The second would require far more positioning of security forces at ports, rivers, and areas of heavy maritime traffic, in order to increase the probability of interdiction. The presence of such forces is remarkably low on the many rivers, from the Mira to the Naya to the Atrato, that get used heavily for cocaine trafficking.
Local populations denounce a lack of effort to confront riverine and maritime traffickers in these areas. Worse, WOLA has heard recent testimonies alleging outright collusion with local security forces in several areas. Any interdiction strategy, then, must come with a greatly stepped up anti-corruption effort carried out by brave and well-protected prosecutors, investigators, and judges.

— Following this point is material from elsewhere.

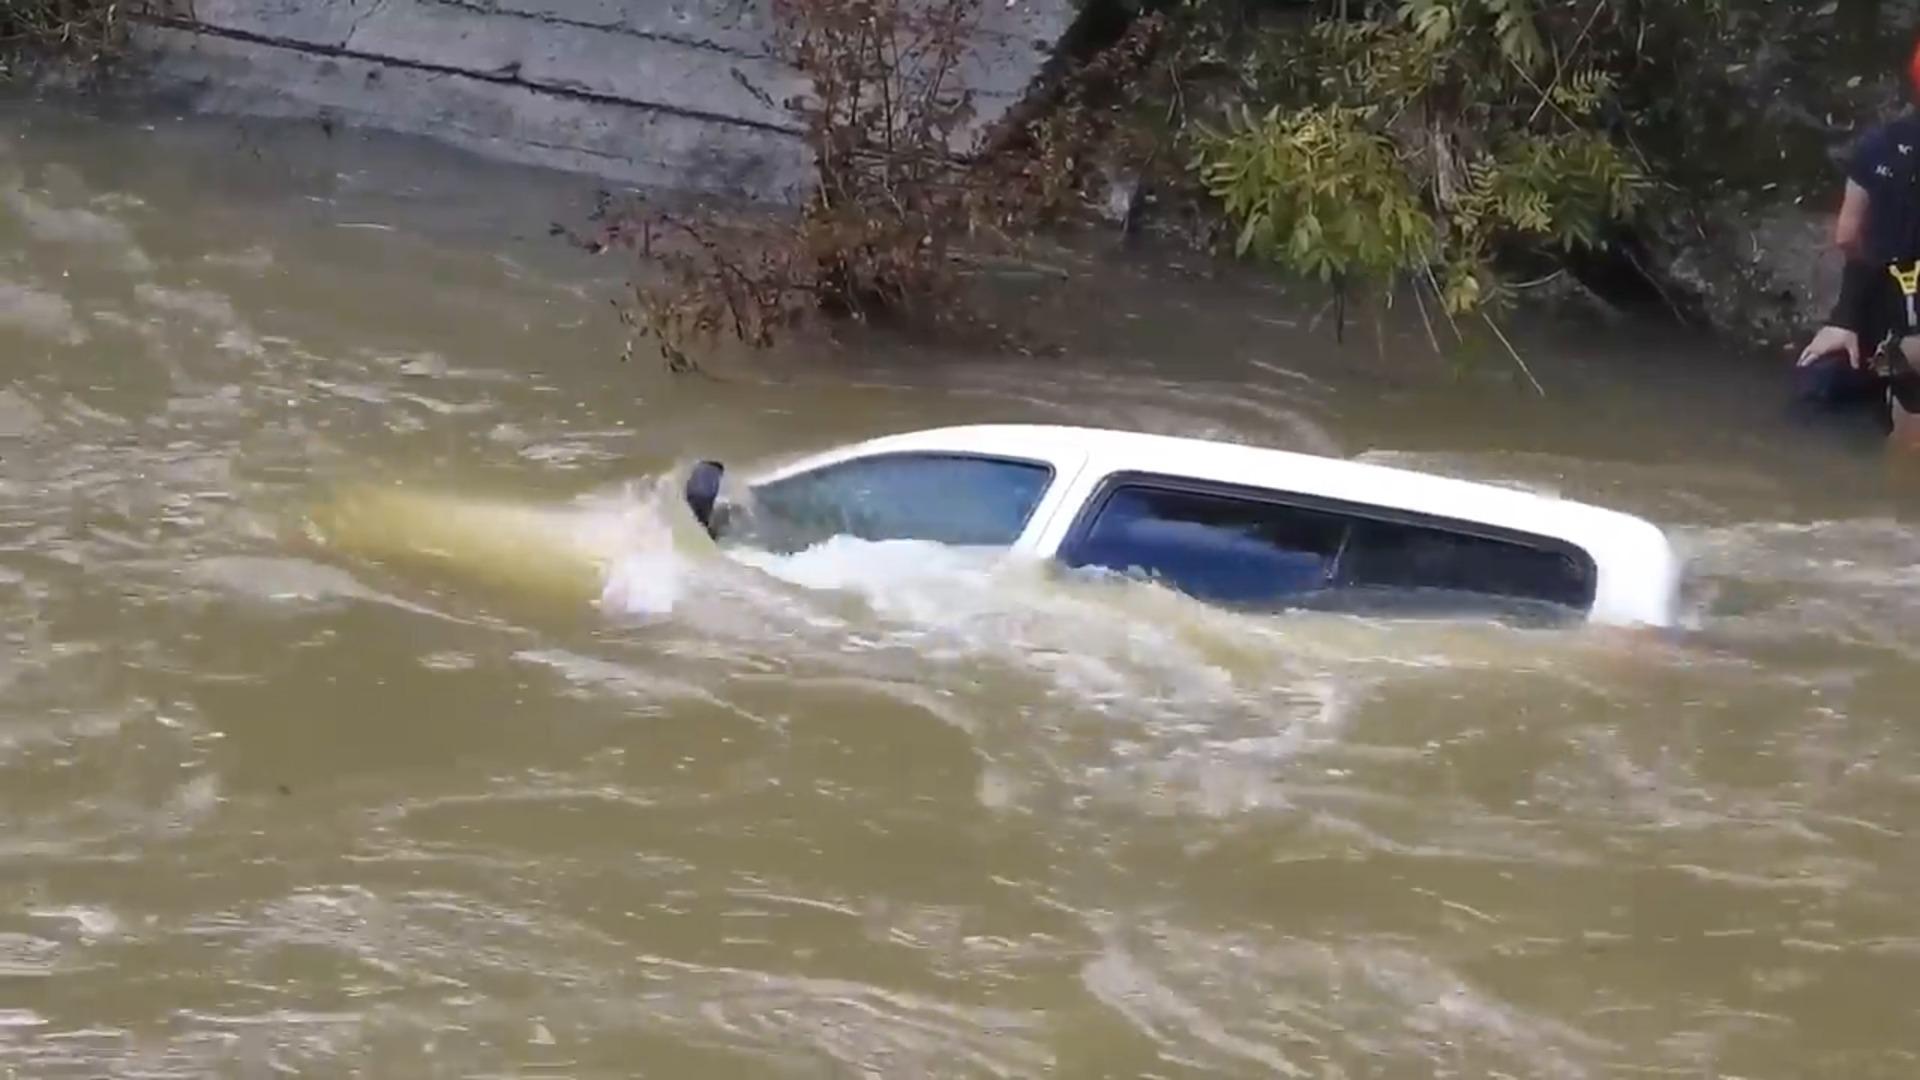 Los bomberos rescatan a un conductor tras caer al río Cadagua con su furgoneta
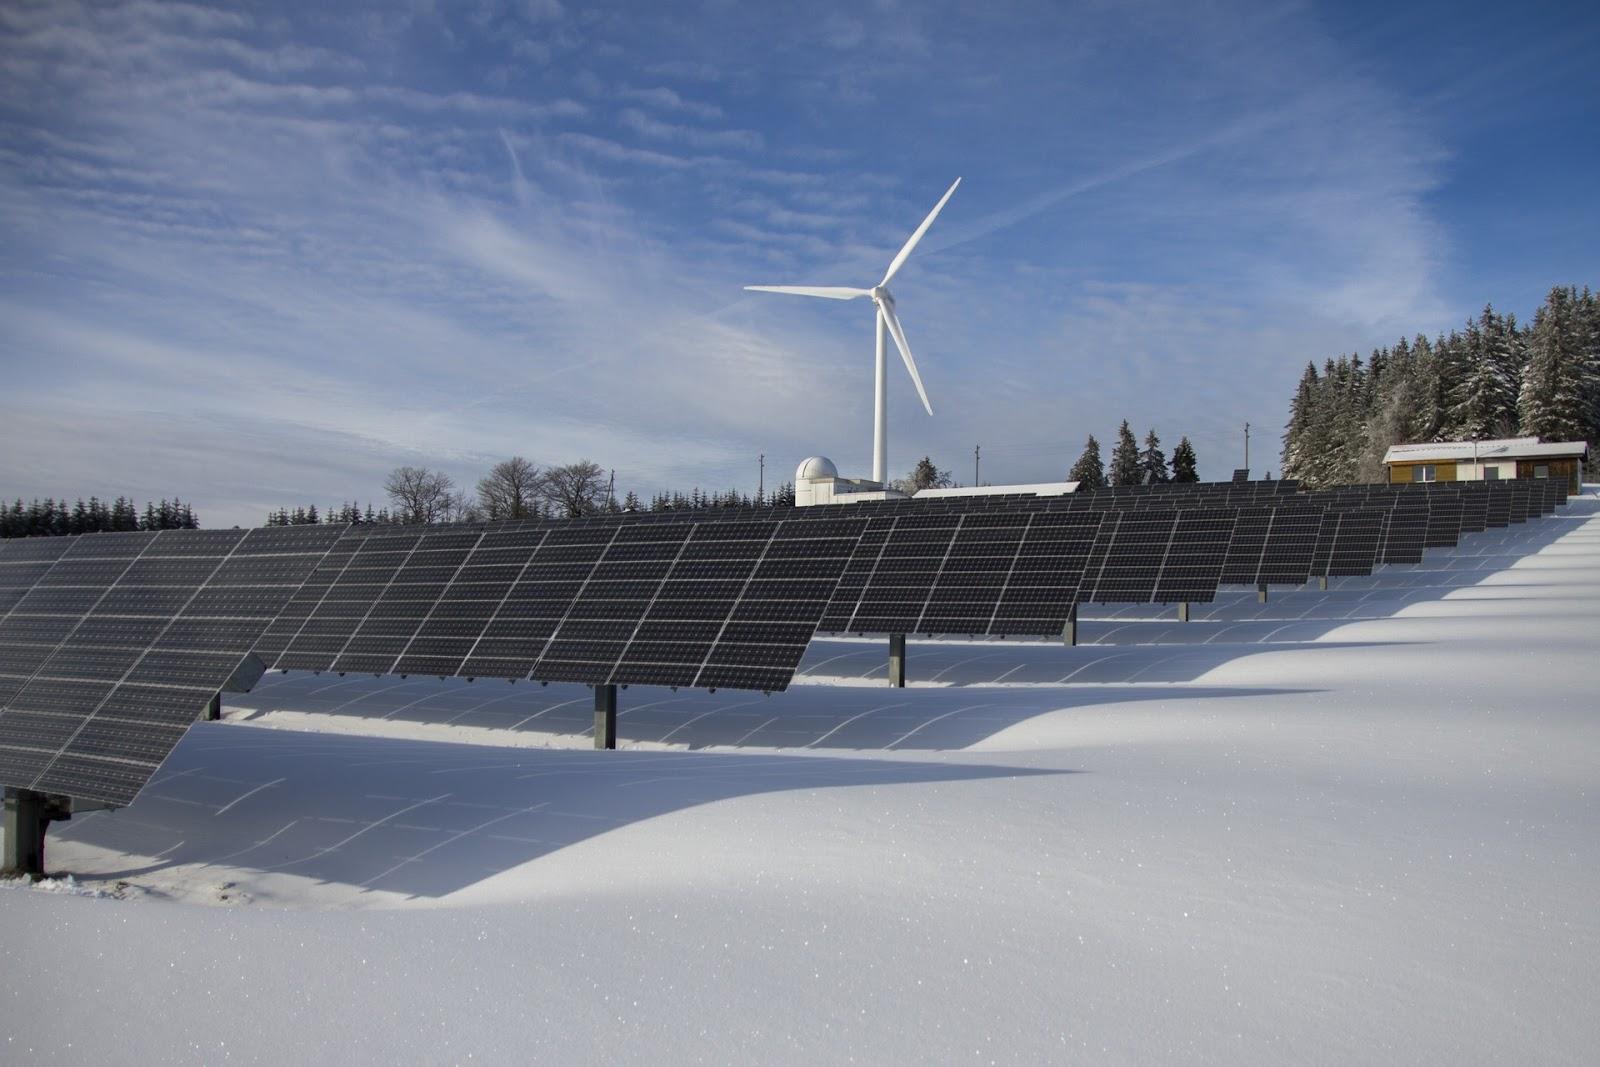 Fazenda de energia solar e eólica. (Fonte: Pexels)

Without these two strategies in place—state presence with economic development that promotes alternative income sources, and interdiction with anti-corruption efforts—an aerial spray program will do nothing but bring short-term, easily reversible gains. These gains, meanwhile, would come with great potential risks of health and environmental damage and social discord, along with myriad human rights violations.